Erdoğan Şenay

Erdoğan Şenay

esenay@milliyet.com.tr

Tüm Yazıları

Fenerbahçe’de işler gerçekten karışık ve can sıkıcı bir hale geldi. Geçmiş zamanlarda yapılan müthiş yanlışlar şimdilerde bir bir sırıtmaya, hatta kusmaya başladı.
Sarı-lacivertli yönetimin kulübü maddi-manevi değerler adına yüksek mertebelere taşımasına tüm camia saygı duyuyor. Kulübün marka değerinin kıymet kazandığı hiç tartışılmaz, ancak sonuçta Fenerbahçe’nin dünyadaki her ünlü kulüp gibi futbol ekibinden başlayan bir değer birimiyle ölçülüp, biçilmesi de kaçınılamaz bir doğrudur. Aragones’in takımın başına getirilip, Zico ve teknik ekibinin gönderilmesi 2008’deki sonuçlara bakılarak değerlendirilirse, ortada bir çarpıklık görülmeyebilir. Öyle ya, İspanya’nın teknik patronunu dünyanın şaşkın bakışları arasında Türkiye’de Fenerbahçe’nin başına taşımak o günlerin futbol ambiansı içinde büyük alkışlar da almış olabilir.
Fakat işte meselenin ‘püf’ noktası da buradadır.
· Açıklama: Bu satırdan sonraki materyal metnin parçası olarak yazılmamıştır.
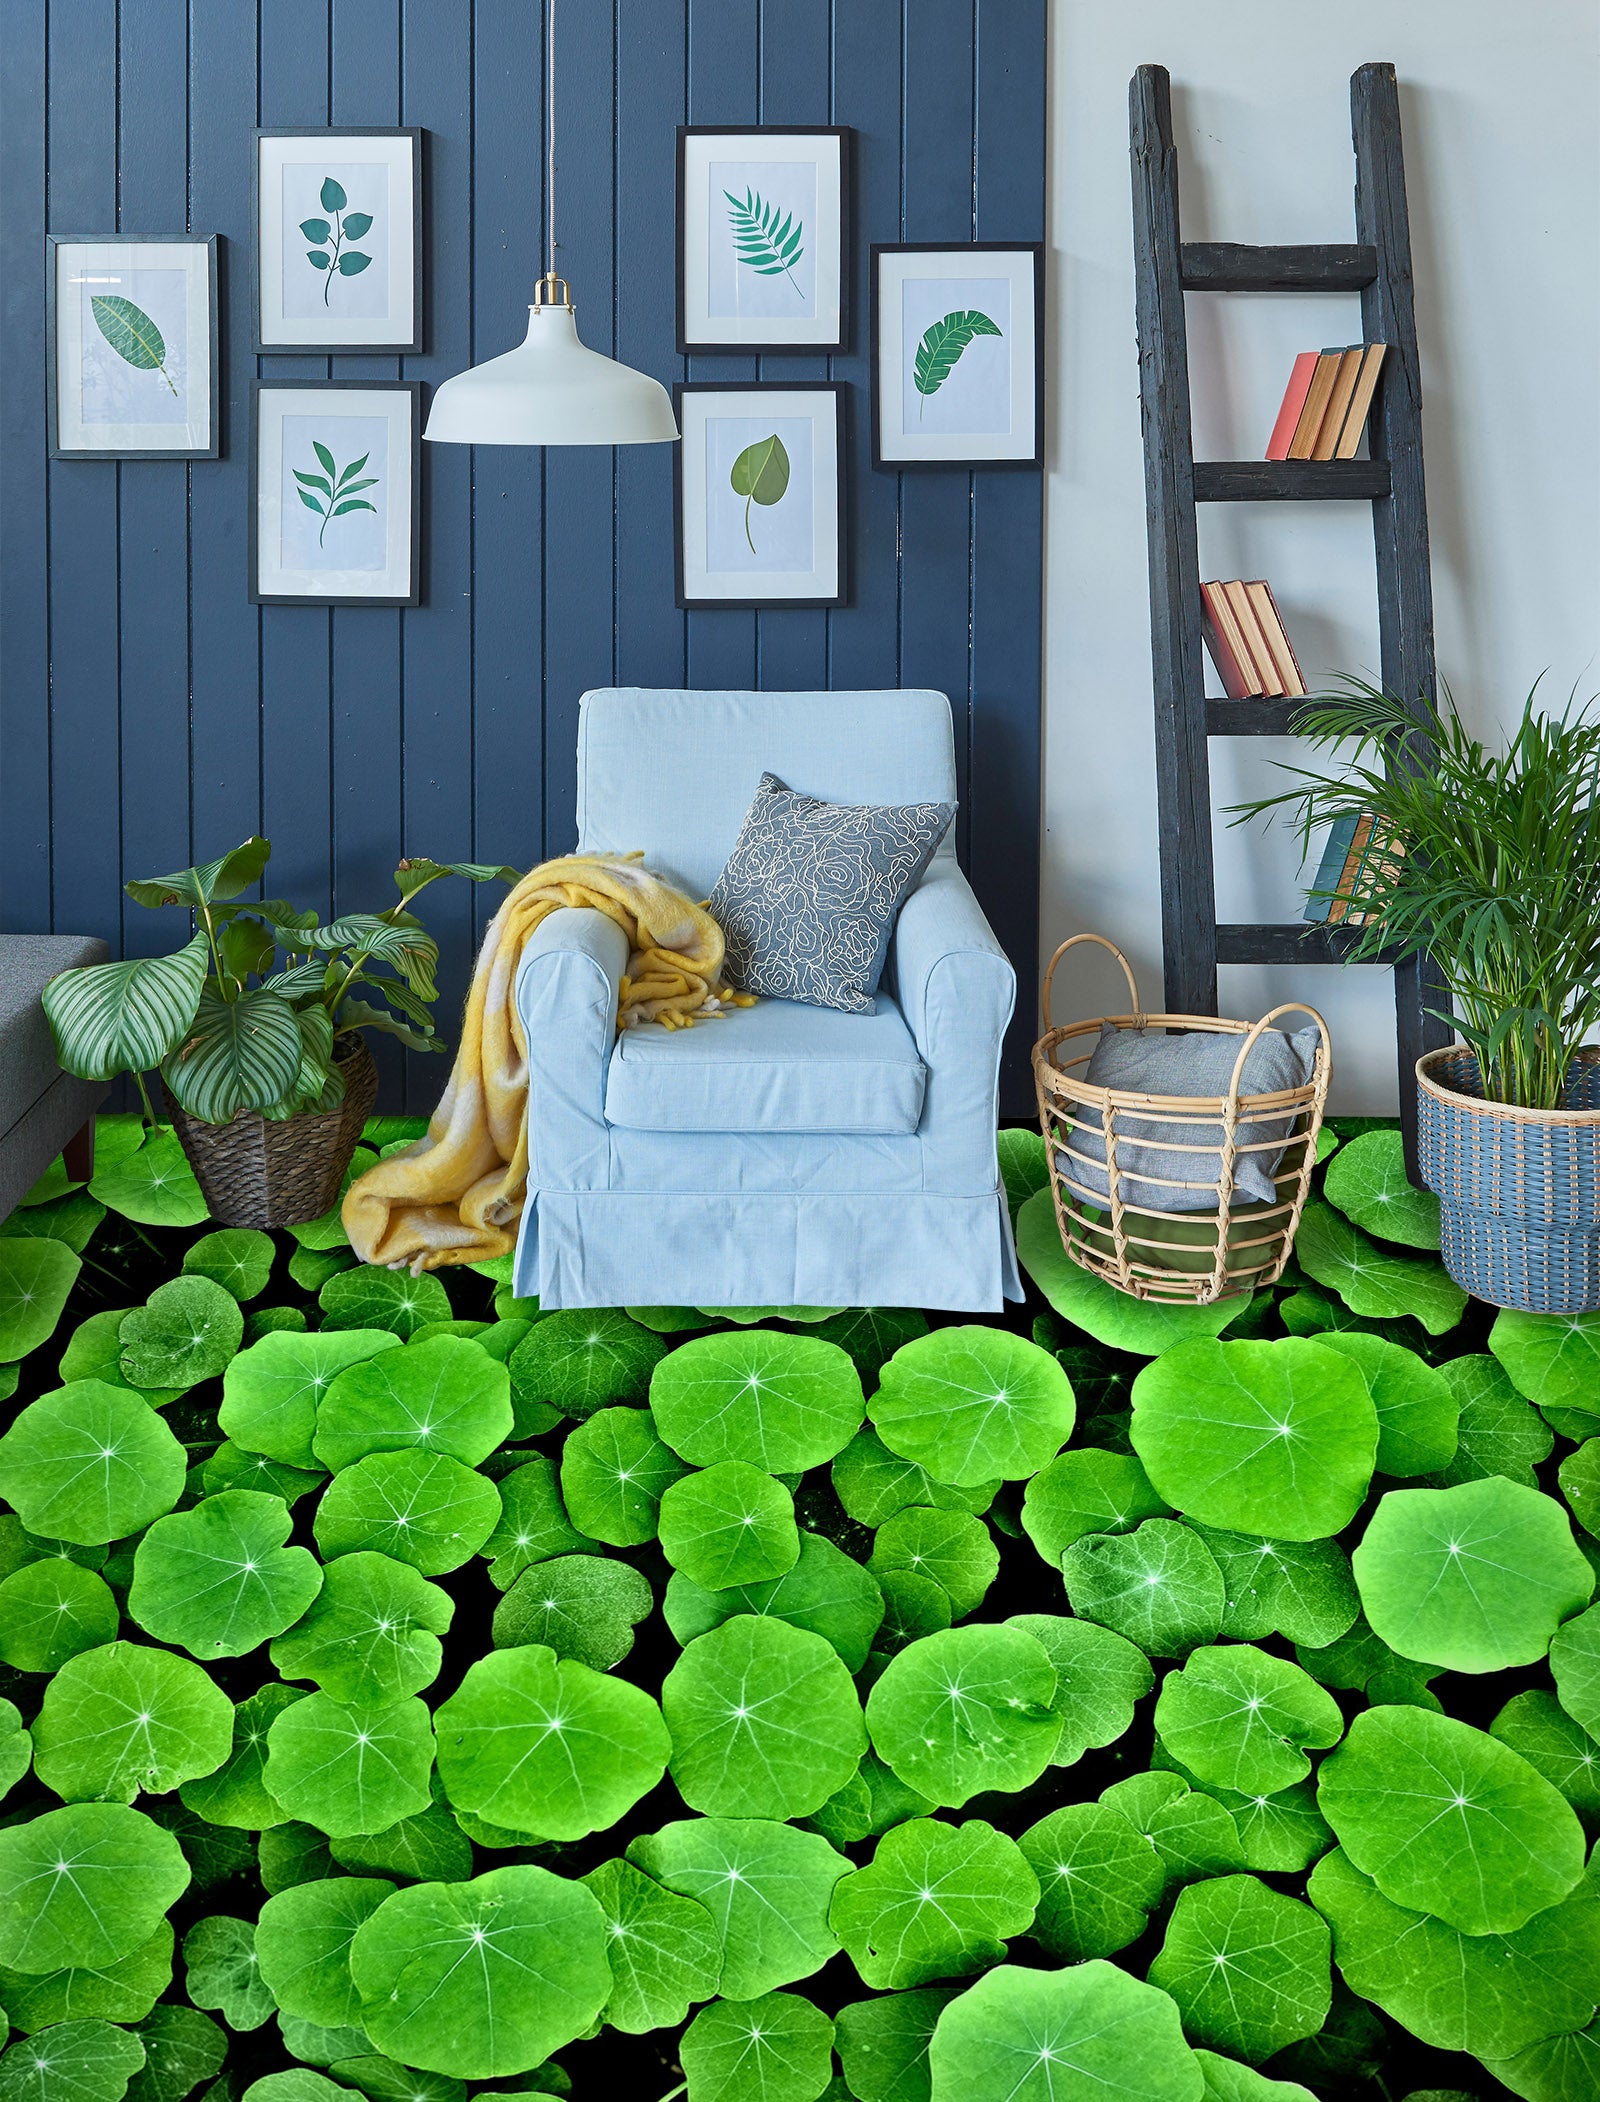 3D Green Lush Duckweed 767 Floor Mural  Wallpaper Murals Rug & Mat Print Epoxy waterproof bath floor

Yani İspanya dışında hiç çalışmamış bir hocanın Türkiye’de neler yapıp, yapamayacağını ölçüp değerlendirmeleri o devrenin heyecanı içinde değil de Fenerbahçe’nin kadro yapısı zemininde yorumlayabilmek futbolda derin bir bilgi birikimini gerektirir ki, Fenerbahçe’nin transfercileri her kimlerse, onlardaki noksanlık da işte buradadır.
Aragones, yabancı basına daha Türkiye için bavulunu hazırlamaya başlamadan ilk demecini “Şaşırtıcı bir teklif aldım ve gidiyorum” diye vermiştir. Bu kısa kelimeleri yan yana koyup, doğru okuduğunuz zaman ortaya, “Müthiş bir rakamın cazibelerine kapıldım” yorumu çıkmaktadır ki, işte bu durum Aragones’in hayatının teklifine kapılarak, Fenerbahçe’ye koşmasının açık bir belgesidir adeta... Gerisi malumdur. Güiza’nın alınışı da Aragones macerasının bir başka versiyonudur. Varoş çocuklarının ceplerini inanılmaz paralarla doldurursanız onlardan futbol oynamak yerine magazin sayfalarına konu başlığı olmak yanlışını izlemek zorunda kalırsınız.

Haberin Devamı

Radikal karar lazım
Ayrıca konu yalnız Güiza meselesi de değildir. Yerlisi, yabancısıyla diğer takımlara da bir bakınız. 3-5 senede ceplerine 20-30 milyon euro parayı indirmiş kimler geliyorsa aklınıza tekmeye, kabadayılığa koşanlar da, hakemleri şaşkına çevirenler de onlar, sarısı - kırmızısıyla kartları yiyip takımlarını zorda bırakanlar da onlardır.
Daha derinlere inmeye devam edersek laf uzar gider sevgili başkan ve saygın yöneticiler... Kısacası Fenerbahçe ligin 19. haftasında 34 puan toplayabilmiştir. Gelecek 15 maçta korkulu deplasmanlara rağmen hiç yenilmeden tüm oyunlarını kazansa dahi toplamda 79 puana ulaşır. Eee geçmiş yıl 73 puanla ancak ikinci olabilmiş bu takımın artık şampiyonluk hesapları yapması akılla bağdaşır mı Tanrı aşkına? Lütfen sayın başkan, lütfen yönetici dostlar, geleceğin radikal kararlarını cesaretle alıp, şimdiden yürürlüğe koyunuz. Fenerbahçe’yi, Fenerbahçeli olmayan ağızlara da sakız etmeyiniz.